Separately managed accounts: bend me, shape me

Investment vehicles tailored to an individual investor, known as separately managed accounts, have been around since some of the industry's biggest – and most long-standing – managers first opened their doors. But in the last five years, funds of funds managers have found limited partners increasingly seeking products tailored to their particular needs.

“We are definitely seeing an appetite from investors to have a separate account for their money that can be used in a more specific way for them,” says Kate Simpson, a partner in the private investment funds group at Proskauer.

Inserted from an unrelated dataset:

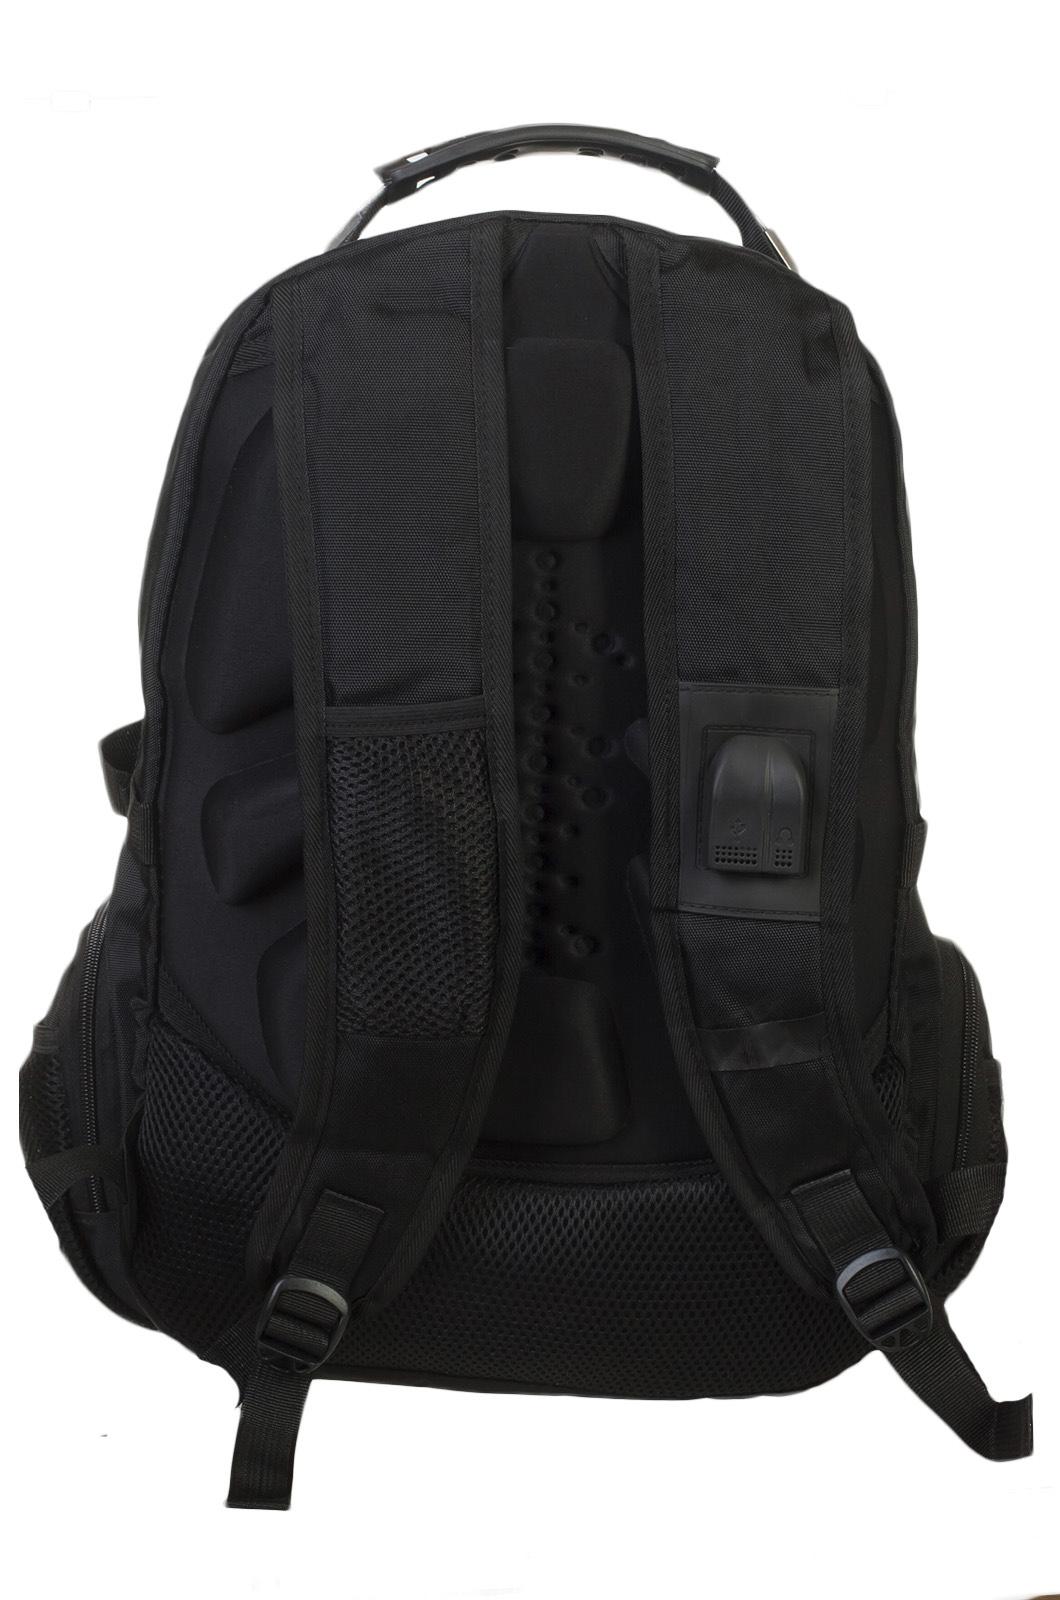 Многофункциональный городской рюкзак с эмблемой ТАМОЖНЯ купить в подарок

“It allows a more tailored approach, some flexibility; it has some benefits for certain types of investors in certain situations who may or may not also want to [commit to] a pooled vehicle.”

Adams Street Partners sees the move towards separate accounts as going “back to the future”. When its investment programme began in 1972, clients invested exclusively through these vehicles. In 2016, the firm gathered more than $2 billion through SMAs, which today make up around 15 percent of its $29 billion assets under management.

Hamilton Lane has also offered SMAs since day one. “In the beginning, funds of funds were a good way for people that wouldn't otherwise have access [to the asset class] to get access,” says Jeff Meeker, a managing director who is on the Philadelphia-based firm's investment committee.

Morgan Stanley Investment Management's $10 billion in private equity AUM is split fairly evenly between commingled funds of funds and SMAs, while 20 percent of the capital entrusted to HarbourVest Partners in 2016 was in separate accounts.

“We're definitely seeing an increase in demand for customised solutions more recently, as clients seek to either meet their specific asset allocation requirements with a single investment or complement their in-house programmes with specific niche allocations,” says Aris Hatch, a managing director at HarbourVest focused on custom solutions.

Neil Harper, chief investment officer at MSIM, stresses that SMAs are not right for everyone; to make them economically attractive, clients must commit a sizeable amount. However, for those with the money to put to work, SMAs have one major – and obvious – selling point: the ability to design a bespoke vehicle.

“If you are in a commingled fund, by the nature of the vehicle the manager finds one solution that fits a large number of investors. So clients tend to end up with a 'one size fits all' approach,” says Roberto Cagnati, managing director and head of the portfolio and mandate solutions team at Partners Group, around 35 percent of whose €54 billion AUM is in separate accounts.

That flexibility allows for adjustments during the life of the account. For example, an insurance company with Solvency II requirements may slow its investment pace.

This is why it's important to revisit and adjust the investment plan, says Christophe Bavière, chief executive and managing partner of Idinvest, for which SMAs now account for “between half and a third” of the €2.7 billion the firm has under management for non-direct and co-investments.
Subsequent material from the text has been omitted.